Antiques Roadshow guest is told father's medal is worth £250,000

Heartwarming moment Antiques Roadshow guest wipes away tears after hearing that his heroic father’s WW2 Victoria Cross medal is worth £250,000 – but insists he still wouldn’t part with it ‘even if it was worth £10m’

  • Naik Gian Singh was awarded the Victoria Cross for his actions in Burma in WW2
  • His guest was told his father’s medal is worth £250,000 but vowed not to sell it 

This is the heartwarming moment an Antiques Roadshow guest wiped away tears after being told a WW2 medal given to him by his father is worth £250,000. 

The guest told antiques experts in Glasgow that the Victoria Cross medal was given to his father, Sikh soldier Gian Singh, in 1945 for his contributions to Britain’s war efforts. 

Naik Gian Singh, from Punjab, India, was awarded the British Army’s most award by King George VI for leading two long charges against Japanese forces in Burma during the Second World War. 

Antiques expert Mark Smith told of the 24-year-old soldier’s brave efforts to recapture a strategic position from Japanese forces, while wounded – as he said the Victoria Cross medal given to him in recognition is now worth £250,000. 

Wiping away tears, the shocked guest, however, said he would never sell his father’s medal despite it’s high value – ‘even if it was worth £10milllion’. 

A guest on Antiques Roadshow was told his father’s Victoria Cross medal is worth £250,000

The soldier’s son explained his father never talked to his children about his time during the WW2 before the antiques expert read out a citation that offered detailed of his heroic deeds. 

‘Firing his Tommy Gun and hurling grenades Naik Gian Singh made two lone charges against the Japanese,’ Mr Smith said. 

‘It was essential that the enemy should be dislodged from this area and when a Punjab platoon assaulting a nearby village came under very heavy fire Naik Gian Singh ordered his machines gunners to cover him as he rushed the enemy foxholes.’

‘Our tanks had now moved up and come under fire but Naik Gian Singh who had sustained several wounds again rushed forward and annihilated a Japanese anti-tankgun crew, capturing the weapon singlehanded. He then led the section in clearing all enemy positions.’

Commenting on the soldier’s bravery, the antiques expert said: ‘I know these things happen really just in the heat of the moment but that still takes some bravery to do that.’ 

Naik Gian Singh won the Victoria Cross for his brave efforts in Burma during WW2

The guest told Mr Smith that his father never talked about his heroic deeds with his children.

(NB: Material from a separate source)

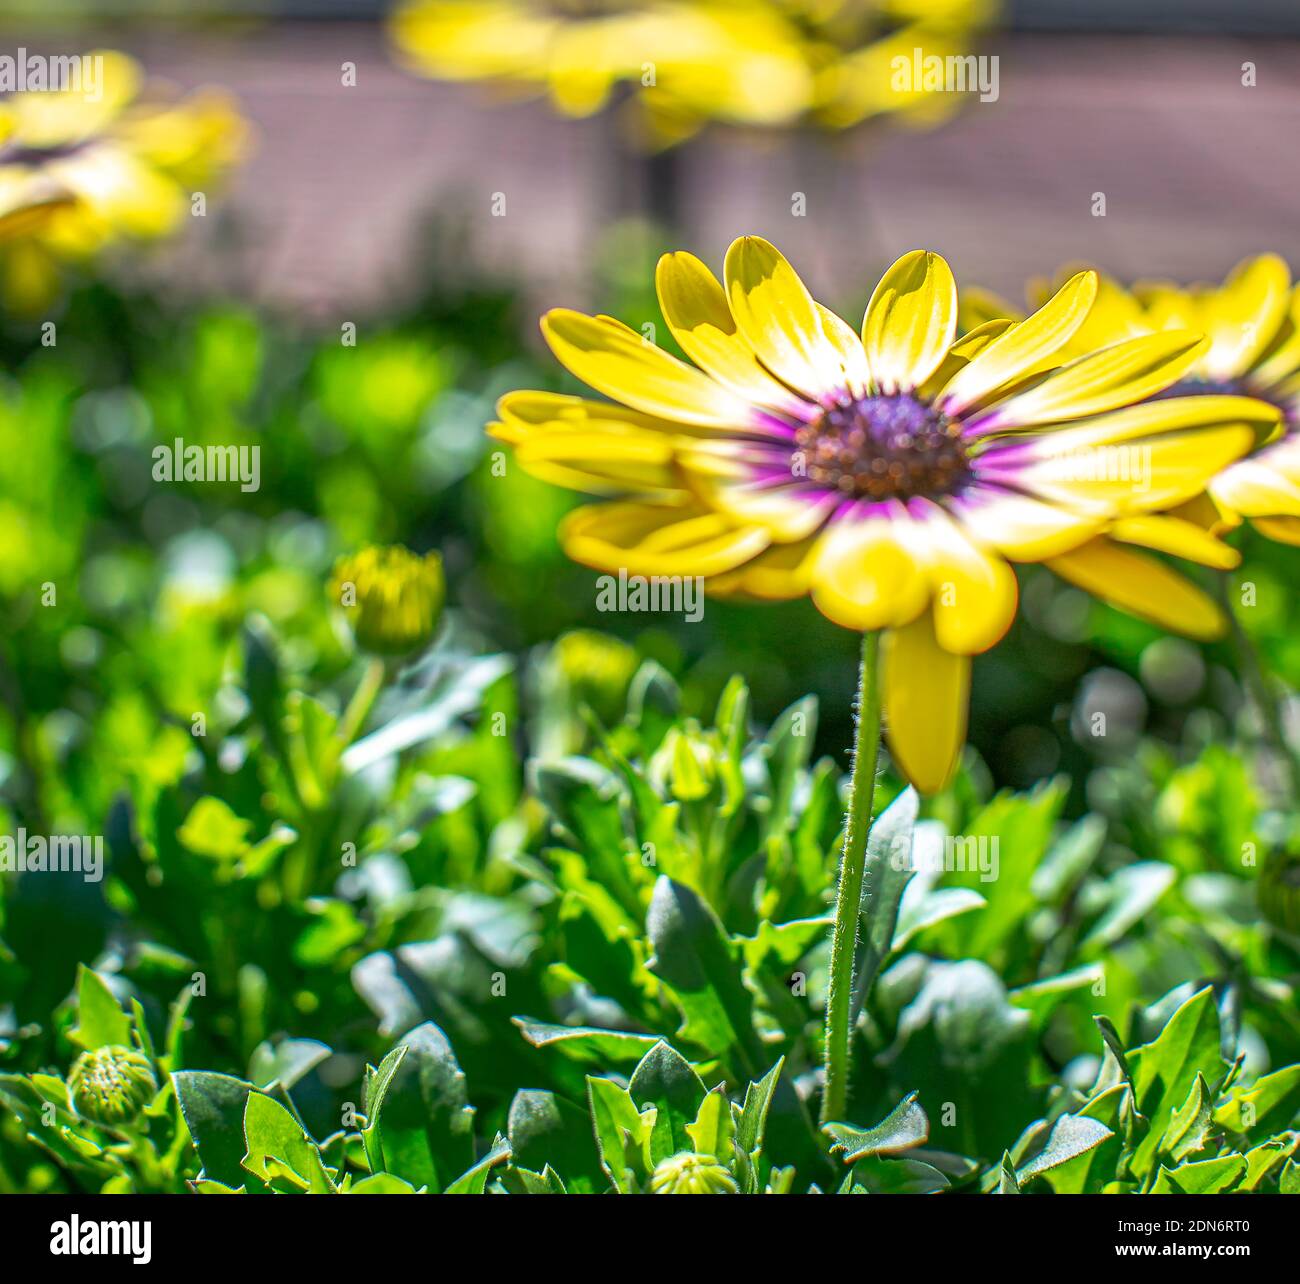 Close-up Of Yellow Flowering Plant Stock Photo

‘I think he used to get emotional whenever he talked about it. Obviously he lost a lot of his friends in that battle,’ the guest said.  

The Antiques Roadshow expert then asked whether his guest had ‘any idea how much this thing might be worth’ – to which the guest said ‘no, my dad never wanted to be parted with it’. 

Mr Smith then revealed the bronze Victoria Cross medal is in fact worth ‘a quarter of a million pounds’ as onlookers gasped and the guest brushed tears from his eyes.

He explained that when Victoria Cross medals were first instituted, Queen Victoria had said the bronze medals should not be made of anything ‘precious… because it’s not about the medal it’s about the deed behind the medal.’

The iconic awards have, however, become highly valuable due to their rarity, with the medals having only been awarded to have shown ‘the most conspicuous bravery’ or ‘extreme devotion to duty in the presence of the enemy’.

Victoria Cross medals are now worth hundreds of thousands of pounds due to their rarity

All in all, just 1,358 Victoria Cross medals have been given out since they were first introduced in 1856 to recognise acts of bravery during the Crimean War. 

Just 182 Victoria Cross medals were handed out during WW2, and just 15 have been handed out in the years since the end of the second world war. 

Mr Smith noted that ‘because they [Victoria Cross medals] are now worth so much money, really the only place you are going to see them is in a museum, behind armoured glass. So when they do come out it’s just an amazing moment.’

Due to their value, a number of Victoria Cross medals have been subject to thefts and robberies in recent decades, leading to a number of the bonze medals having been put on Interpol’s watch-list for stolen items.